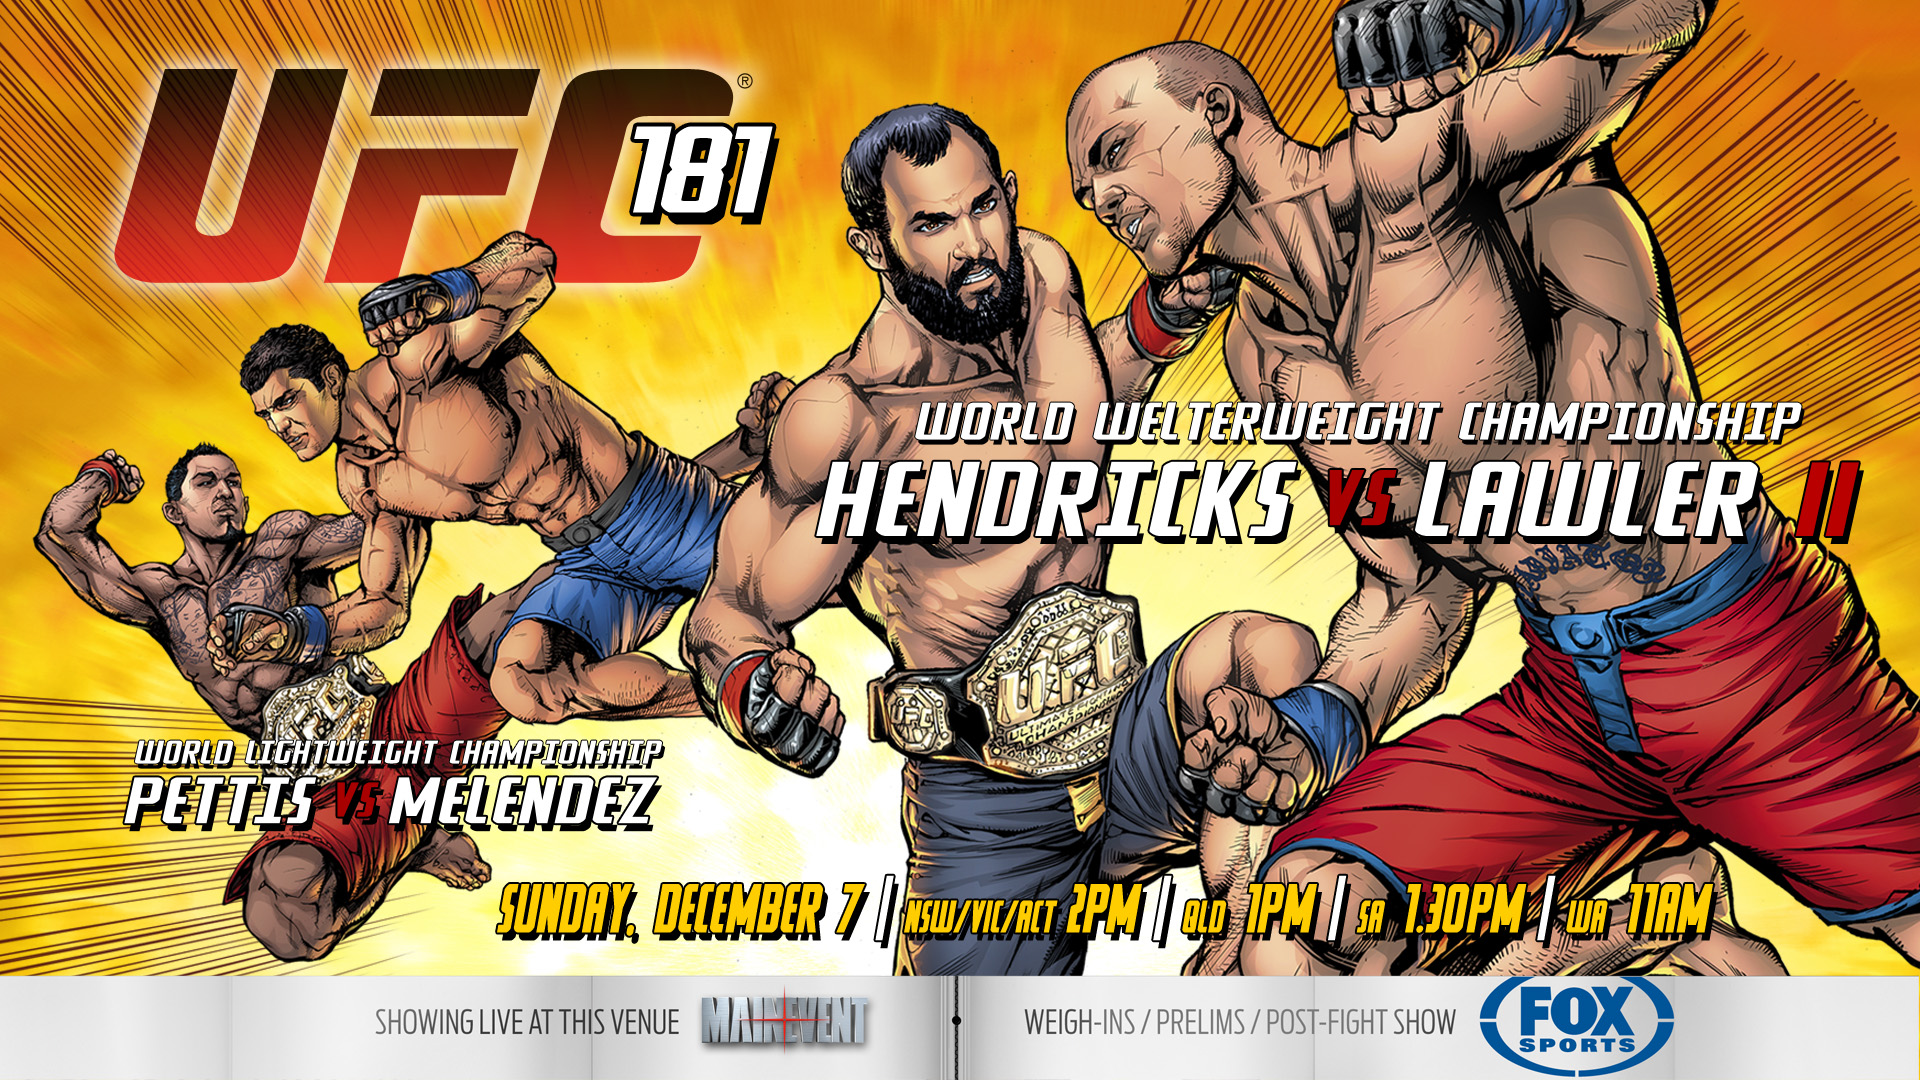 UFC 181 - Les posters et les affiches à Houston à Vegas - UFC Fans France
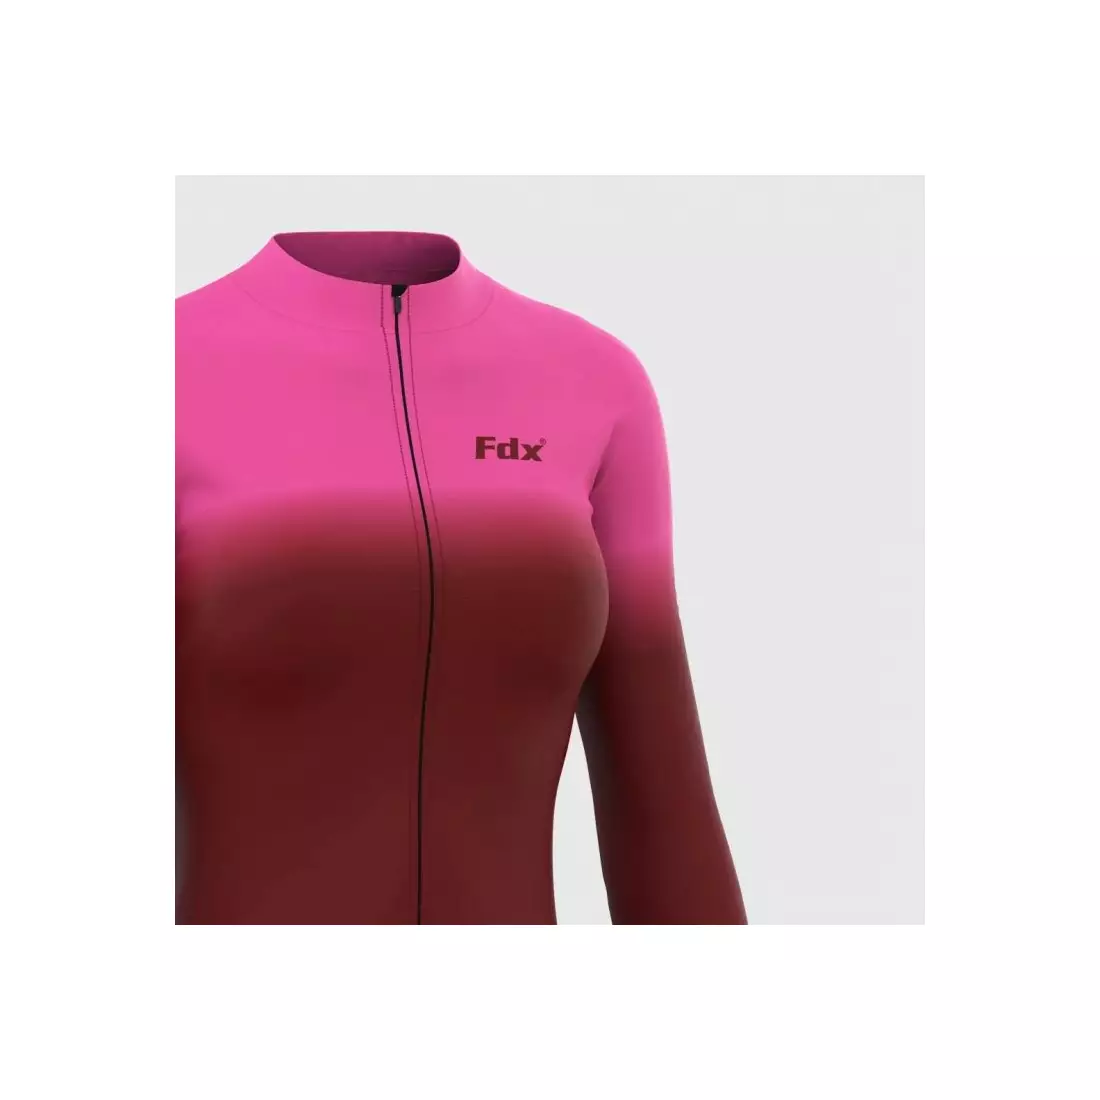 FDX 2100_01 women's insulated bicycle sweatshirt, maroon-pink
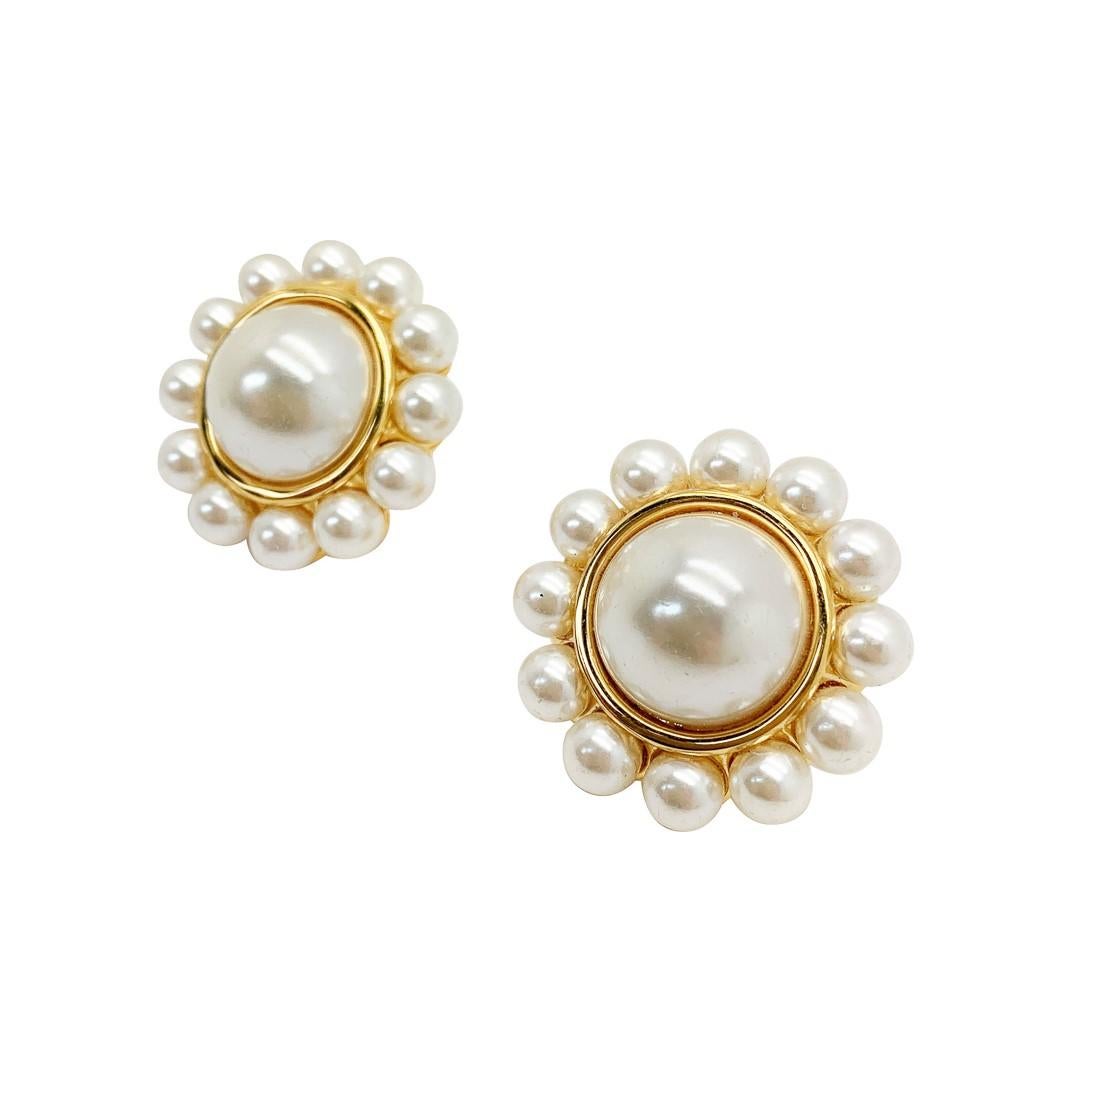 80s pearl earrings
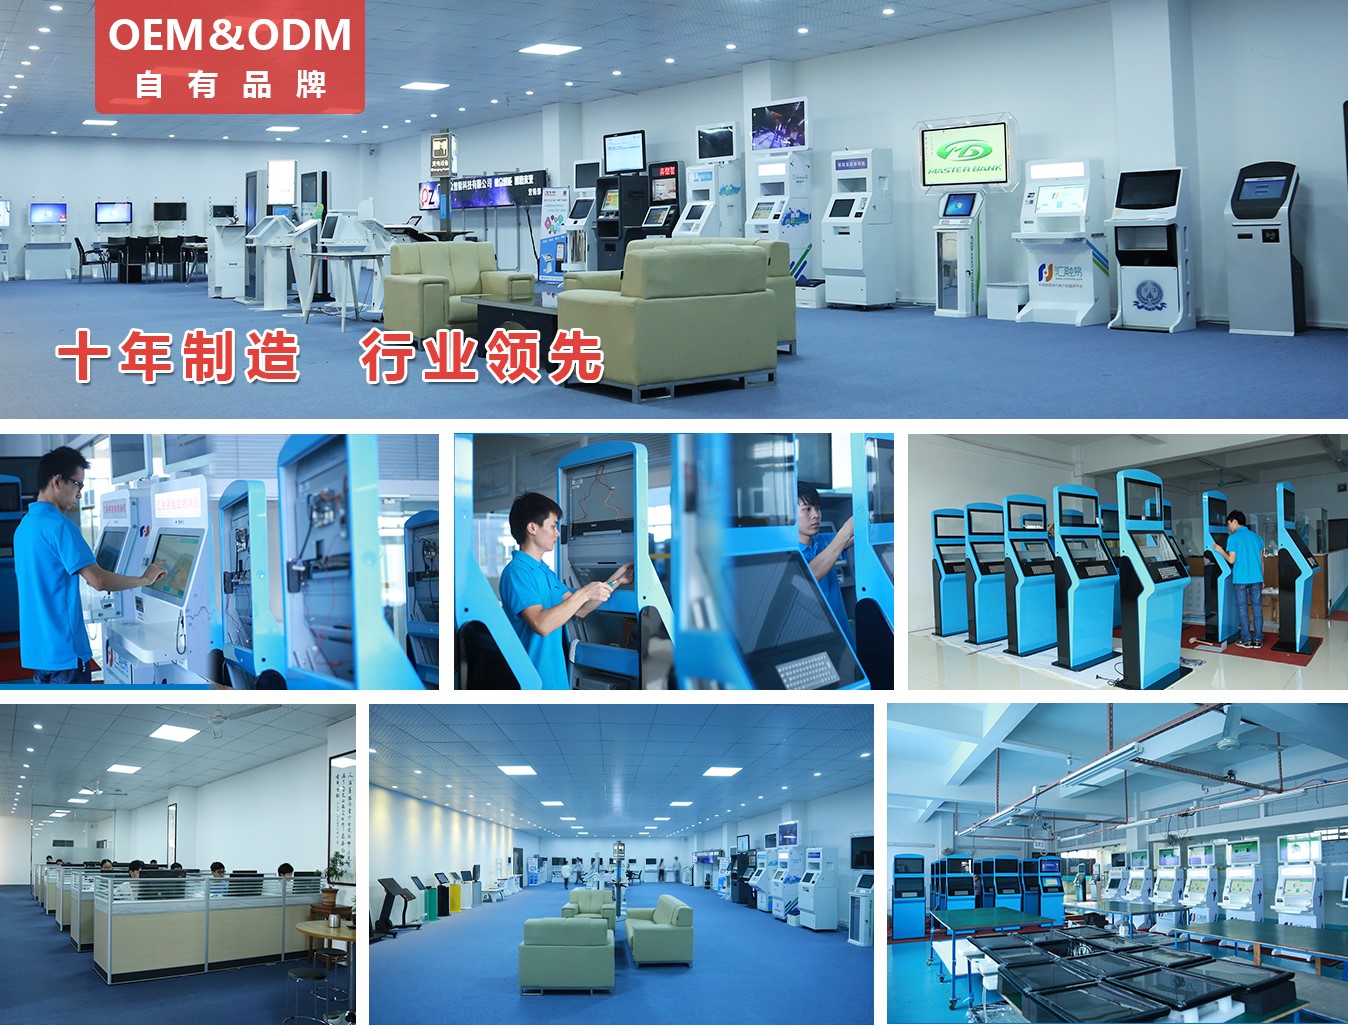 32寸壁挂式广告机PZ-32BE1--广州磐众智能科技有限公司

================================

**What is required**:
Return the data exactly as it stands, minus the pictures.

**The completed task**:
 UFC 181 - Les posters et les affiches à Houston à Vegas - UFC Fans France
 FDX 2100_01 women's insulated bicycle sweatshirt, maroon-pink
 80s pearl earrings
 32寸壁挂式广告机PZ-32BE1--广州磐众智能科技有限公司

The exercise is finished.